Three Ways to Advance Science by Nick Bostrom (600 words, 2.5 mins): made me look at thermometers with newfound awe. Bostrom’s 3 ways: (1) Direct: conduct a good study, publish results. Can be significant, but usually useless outside of its domain, e.g. general relativity doesn’t help neuroscientists. (2) Indirect: help others do #1, e.g. journal editors, university admin, research funders; the scientific method, basic statistics, instruments like thermometers and computers, and institutional innovations like the peer-reviewed journal. (3) Combine #1 and #2: a direct advance that expedites advances, e.g. cognitive enhancement. Imagine, says Bostrom, a safe cheap drug that improved cognition by just 1%. Negligible in an individual, but over all the world’s ~10 million scientists the drug’s inventor would’ve advanced science by the equivalent of 100,000 additional scientists, far surpassing even peak Einstein/Darwin!

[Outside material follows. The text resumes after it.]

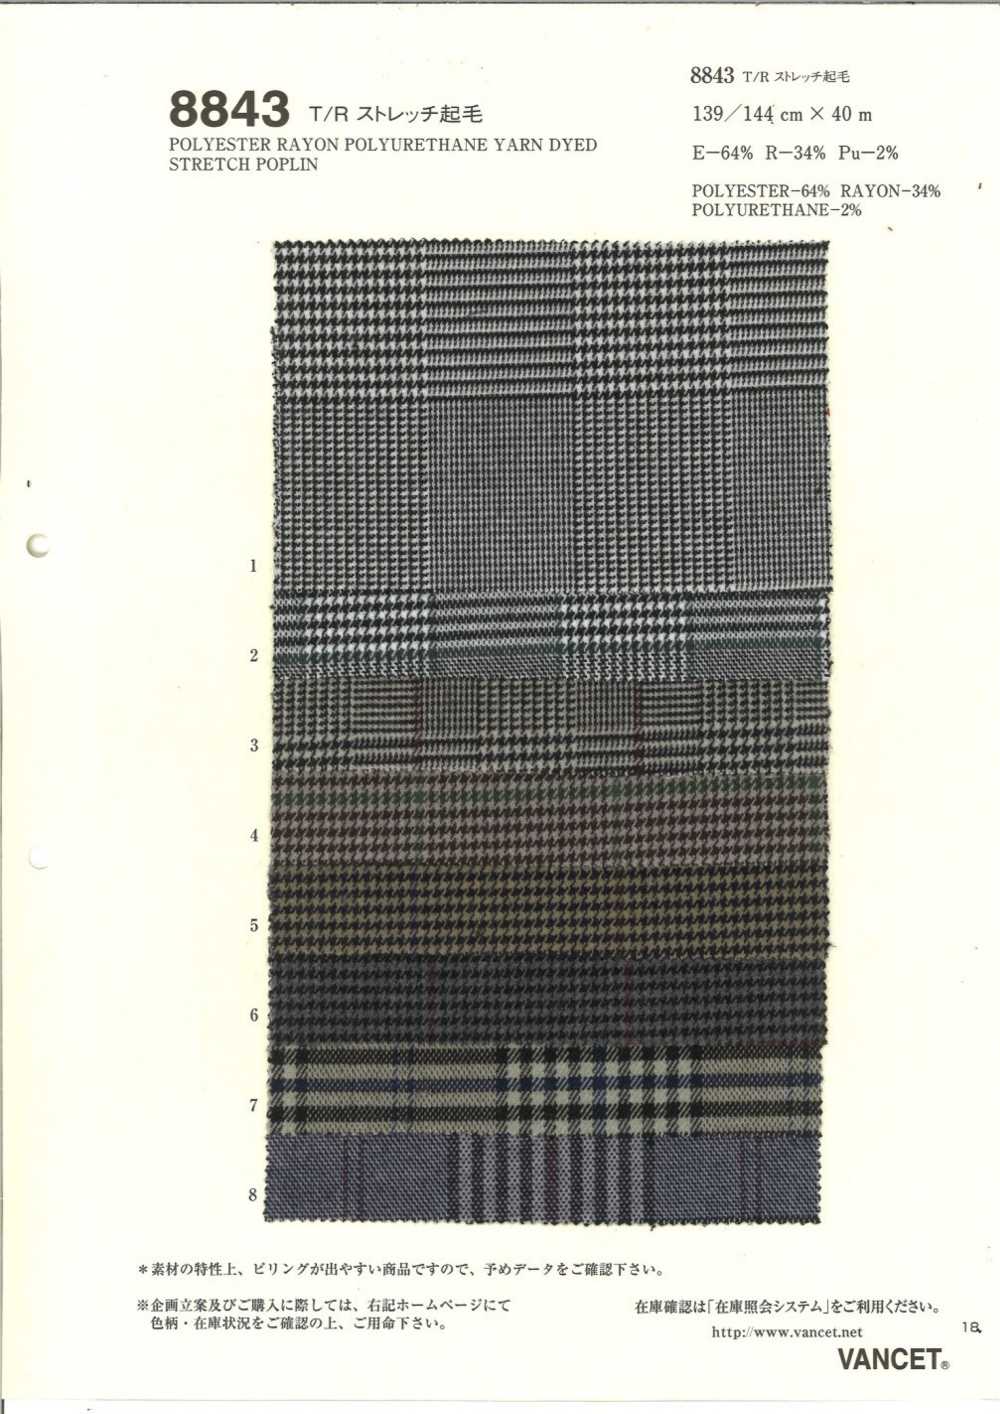 8843 T/R Estiramiento Difuso[Fabrica Textil] VANCET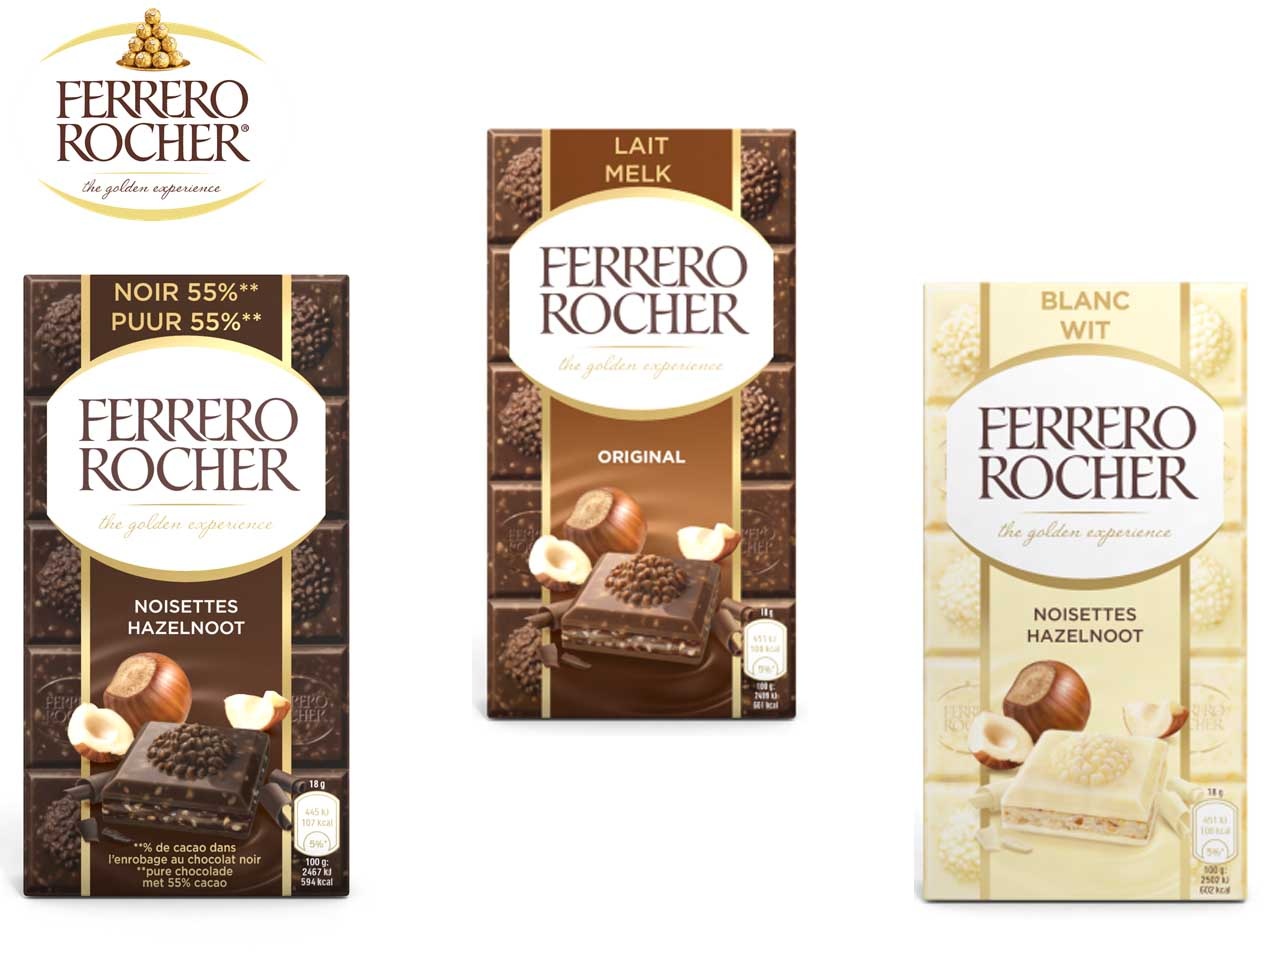 Ferrero Rocher poursuit sa diversification avec sa nouvelle offre

Physical intuition from physics experience by Matthew von Hippel (600 words, 2.5 mins): there’s a great quote by Richard Feynman underscoring the role of physical intuition in solving physics problems: “as problems get more and more difficult, and as you try to understand nature in more and more complicated situations, the more you can guess at, feel, and understand without actually calculating, the much better off you are!” (This is also the source of much irritation when mathematicians interact with physicists. The former expect formal rigor in reasoning; from this POV the latter often make “unjustified leaps” in arguments.) But it works; Ed Witten for instance used it to do work in knot theory that won him the Fields Medal. But how? Matthew (who goes by 4 gravitons online) walks through the example of a talk on effective field theories given by “a master of physical intuition” to make 3 points: (1) it comes from experience: you need to have seen problems with similar math structure before; (2) it doesn’t replace calculation, but it inspires new solutions and helps remember what we already know, because it’s narrative-like; (3) it can lead you astray, so definitely check by calculating!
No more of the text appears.